Improving Reproducibility by Using High-Throughput Observational Studies With Empirical Calibration

Philos Trans A Math Phys Eng Sci. 2018 Sep 13;376(2128):20170356. doi: 10.1098/rsta.2017.0356.

Abstract

Concerns over reproducibility in science extend to research using existing healthcare data; many observational studies investigating the same topic produce conflicting results, even when using the same data. To address this problem, we propose a paradigm shift. The current paradigm centres on generating one estimate at a time using a unique study design with unknown reliability and publishing (or not) one estimate at a time. The new paradigm advocates for high-throughput observational studies using consistent and standardized methods, allowing evaluation, calibration and unbiased dissemination to generate a more reliable and complete evidence base. We demonstrate this new paradigm by comparing all depression treatments for a set of outcomes, producing 17 718 hazard ratios, each using methodology on par with current best practice. We furthermore include control hypotheses to evaluate and calibrate our evidence generation process.
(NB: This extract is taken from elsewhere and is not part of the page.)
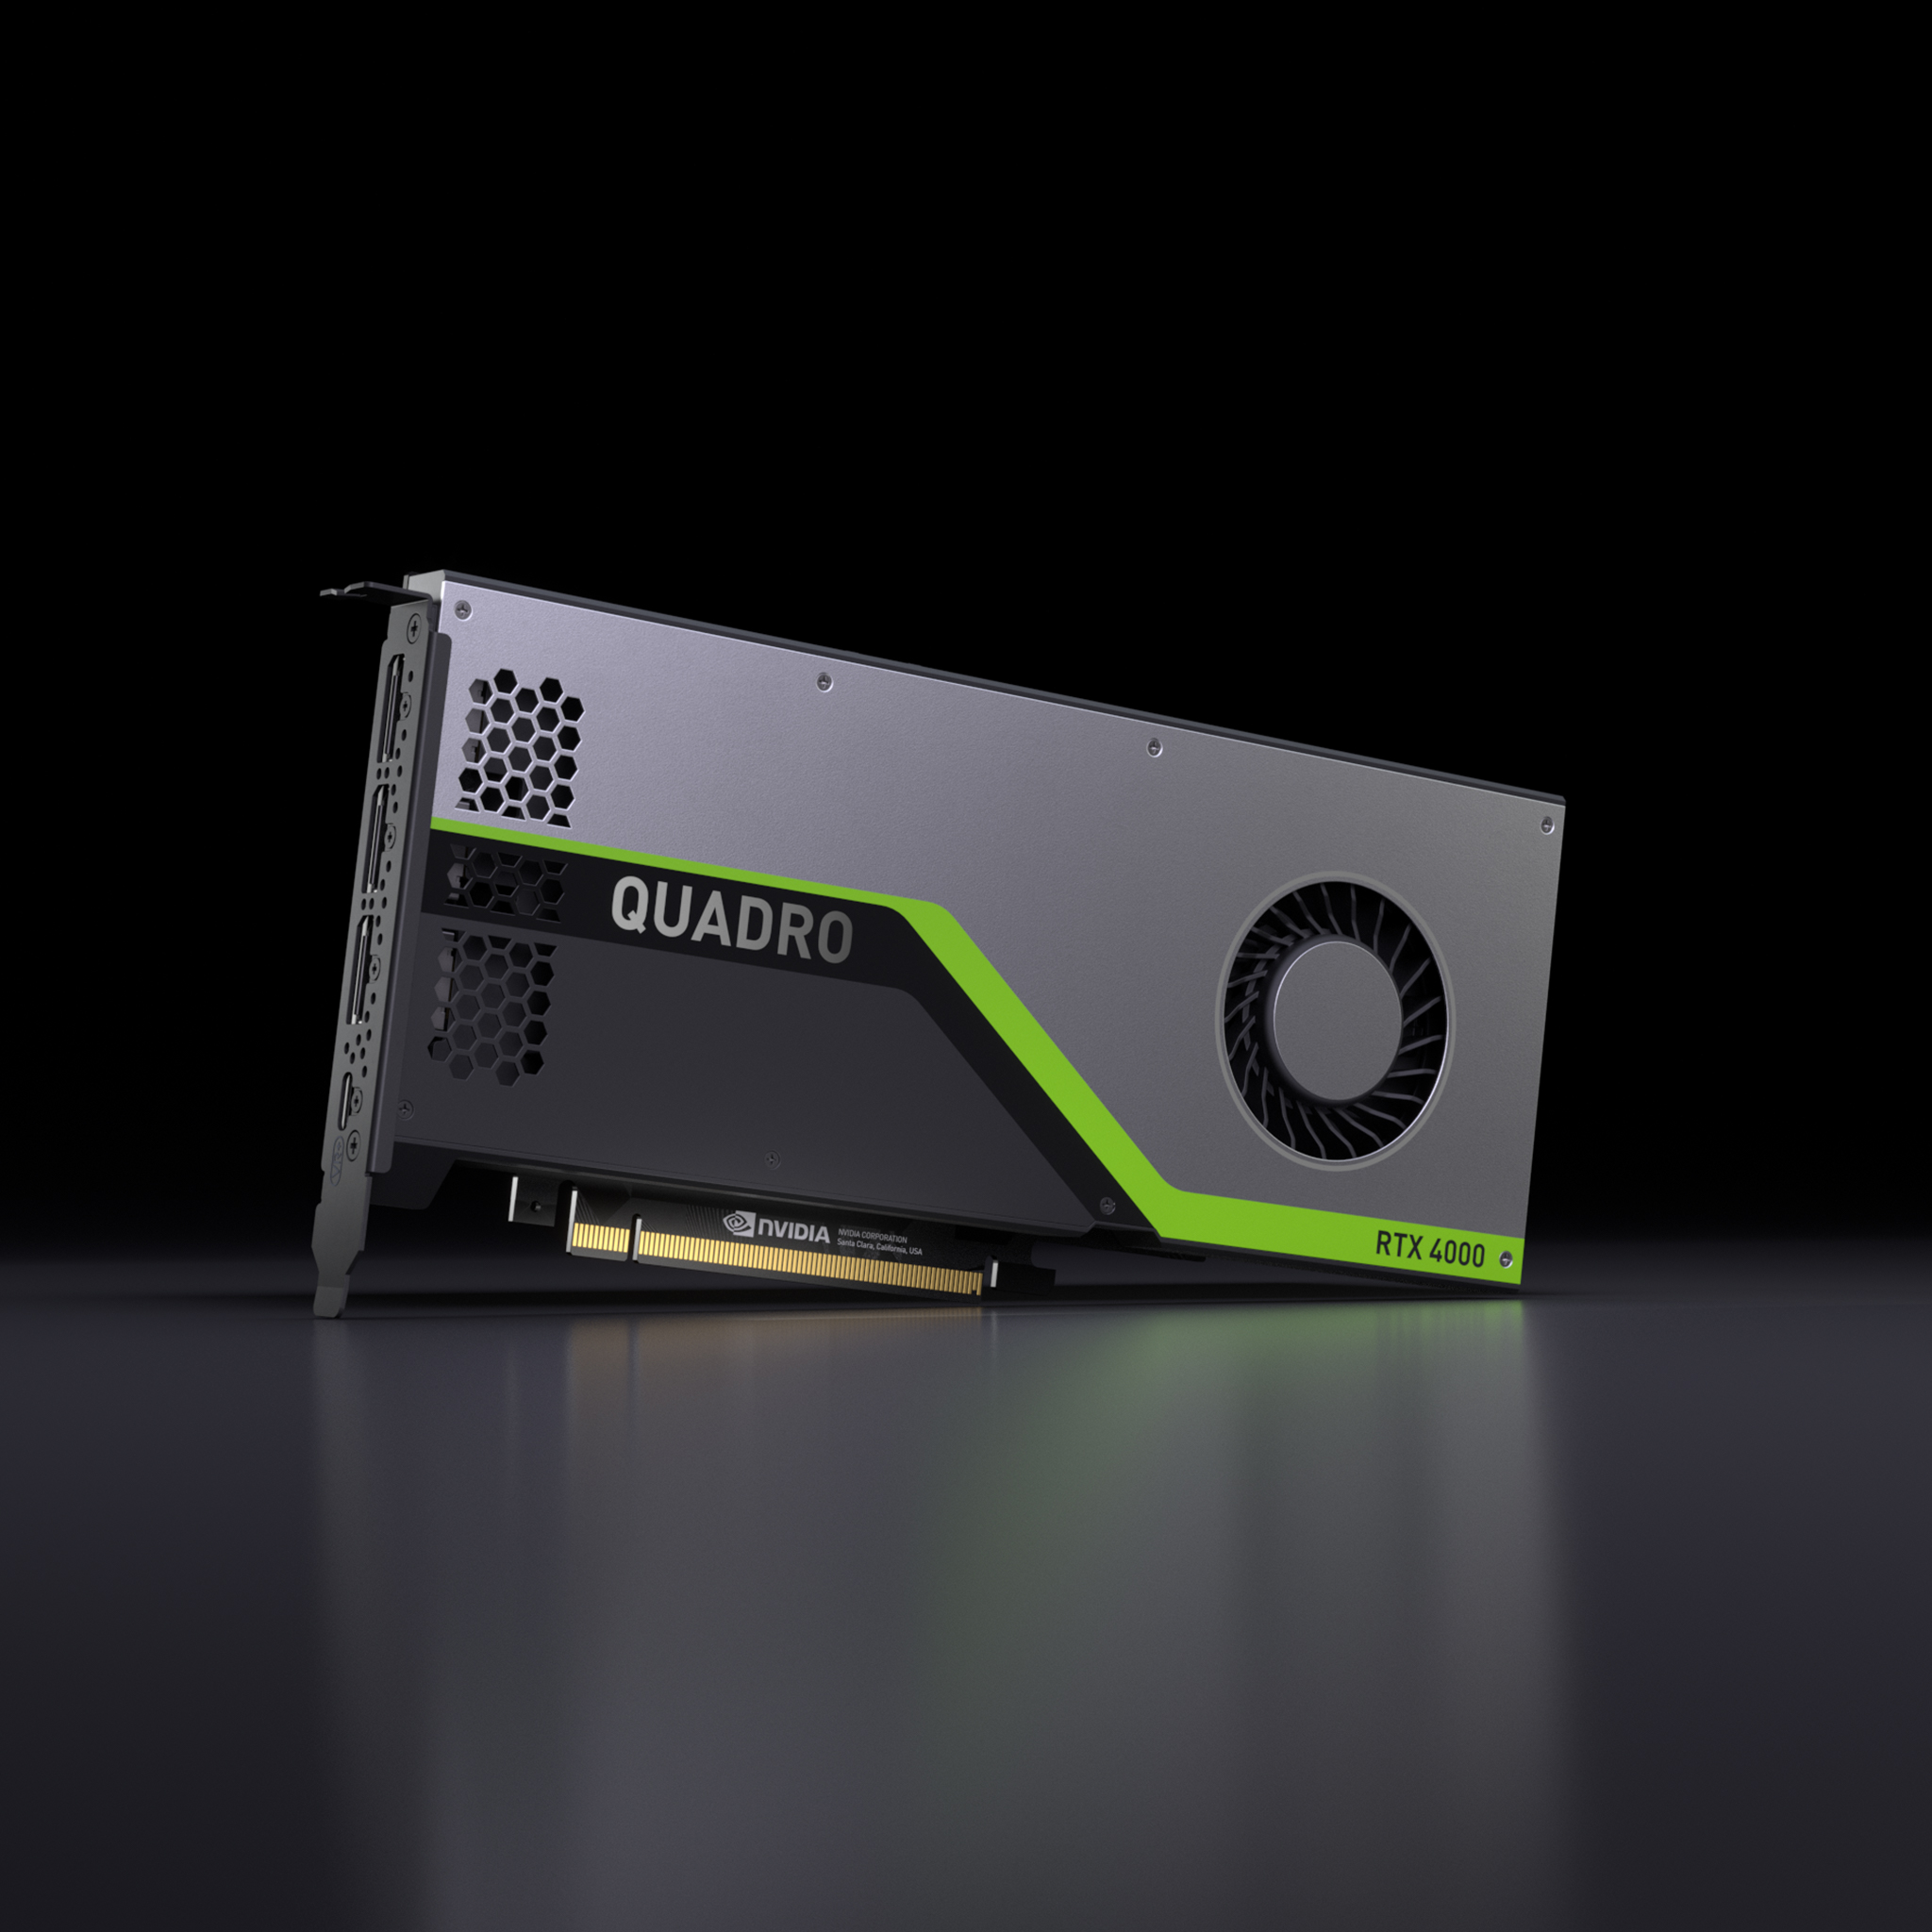 Quadro RTX 4000 Graphics Card | NVIDIA Quadro

Results show good transitivity and consistency between databases, and agree with four out of the five findings from clinical trials. The distribution of effect size estimates reported in the literature reveals an absence of small or null effects, with a sharp cut-off at p = 0.05. No such phenomena were observed in our results, suggesting more complete and more reliable evidence.This article is part of a discussion meeting issue 'The growing ubiquity of algorithms in society: implications, impacts and innovations'.

Keywords: medicine; observational research; publication bias; reproducibility.